Nach Tipp aus der Bevölkerung: Stadt deckt in Bottrop illegale Prostitution auf

Mitarbeiter der Gewerbeaufsicht haben am Dienstag, 4. August, eine Wohnung im Bottroper Stadtgebiet kontrolliert, die nach Angaben der Stadtverwaltung für Prostitution genutzt worden sein soll. Vorausgegangen waren Hinweise aus der Bevölkerung.

In der Wohnung stellten die Behörden laut Stadt eine nicht genehmigte Prostitutionsstätte fest. Die Räume wurden anschließend geschlossen und versiegelt.

Zwei Frauen flüchten während der Kontrolle

Als die Mitarbeiter der Gewerbeaufsicht an der Wohnung eintrafen, sollen zwei dort anwesende Frauen die Tür verschlossen und den Zutritt verweigert haben. Daraufhin wurden die Polizei, die Ausländerbehörde und ein Schlüsseldienst hinzugezogen.

Während die Wohnungstür geöffnet werden sollte, sprangen beide Frauen nach Angaben der Stadt aus einem Fenster und flüchteten zu Fuß. Nach einer kurzen Verfolgung wurden sie gestellt.

Eine der Frauen verletzte sich bei dem Sprung. Sie wurde zunächst vom Rettungsdienst versorgt und anschließend in einem Krankenhaus behandelt. Die zweite Frau blieb laut Stadt unverletzt.

Offener Haftbefehl gegen eine der Frauen

Bei der polizeilichen Überprüfung stellte sich nach Angaben der Stadt heraus, dass gegen die verletzte Frau ein Haftbefehl vorlag.

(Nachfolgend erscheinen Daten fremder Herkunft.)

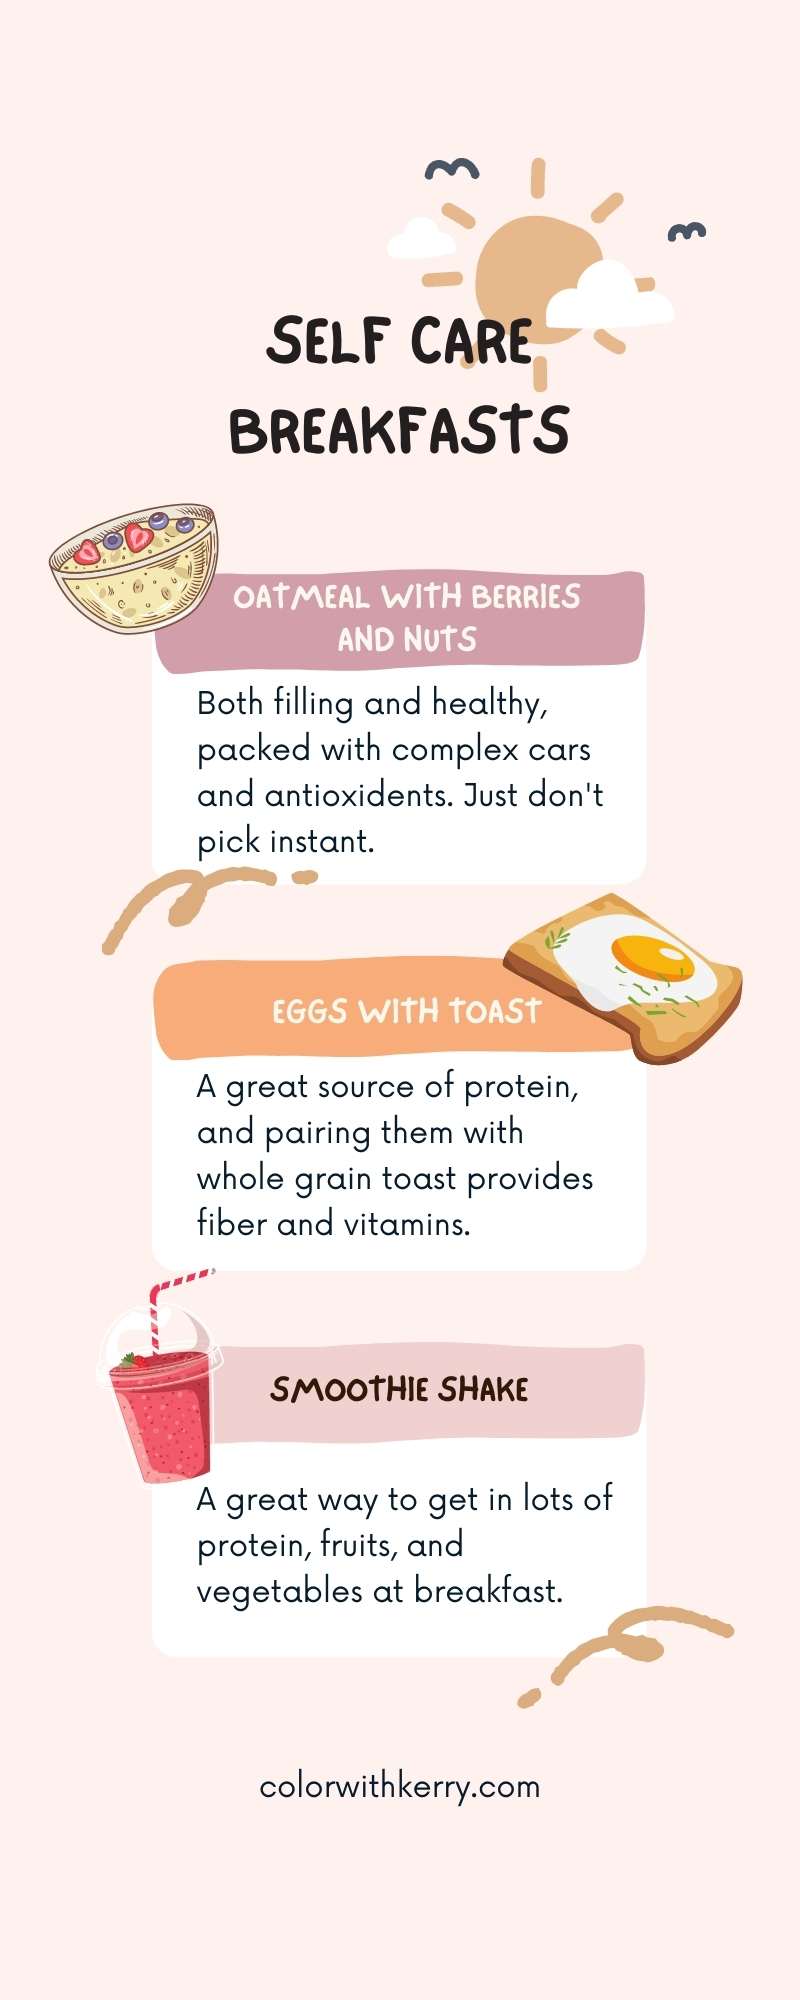 Infographic for self care breakfast ideas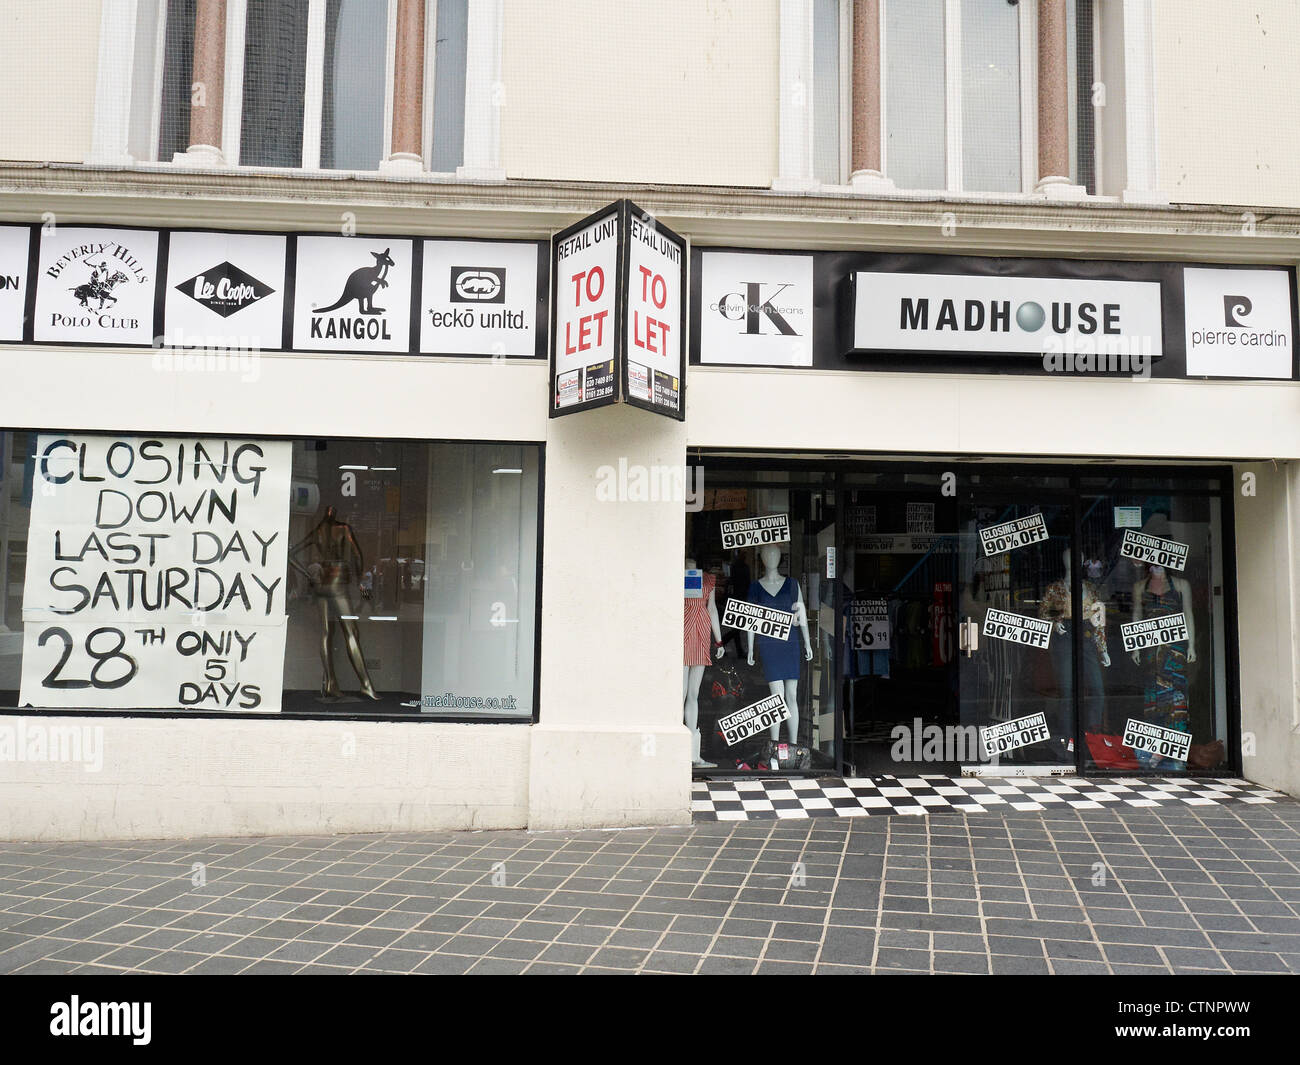 Madhouse clothing store closing down in Liverpool UK Stock Photo

Nach Abschluss der medizinischen Behandlung wurde sie festgenommen.

Die Ausländerbehörde prüft zudem den aufenthaltsrechtlichen Status der Betroffenen. Zu deren Herkunft macht die Mitteilung lediglich vorläufige Angaben.

Wohnung geschlossen und Verfahren eingeleitet

Die Gewerbeaufsicht schloss und versiegelte die Wohnung. Gegen die beiden Frauen und den mutmaßlichen Betreiber sollen Ordnungswidrigkeitenverfahren eingeleitet werden.

Noch während der Kontrolle erschien laut Stadt ein Mann an der Wohnung. Er erklärte demnach zunächst, einen Massagetermin zu haben. Später gab er an, sexuelle Dienstleistungen in Anspruch nehmen zu wollen.

Nach seiner Aussage war er während des Einsatzes von einer der Frauen per Nachricht darüber informiert worden, dass sich Behörden in der Wohnung befänden.

Prostitution ist gesetzlich geregelt

Prostitution ist in Deutschland grundsätzlich erlaubt, unterliegt aber gesetzlichen Vorgaben. Personen, die der Prostitution nachgehen, müssen ihre Tätigkeit bei der zuständigen Behörde anmelden. Für den Betrieb eines Prostitutionsgewerbes ist eine behördliche Erlaubnis erforderlich.

Verstöße können mit Bußgeldern geahndet werden. Nach Angaben der Stadt drohen Prostituierten bis zu 1.000 Euro und Betreibern einer unerlaubten Prostitutionsstätte bis zu 10.000 Euro Bußgeld.

Ob über die festgestellten Verstöße hinaus weitere Straftaten vorliegen, ist derzeit nicht bekannt. Die Prüfungen und Ermittlungen dauern an.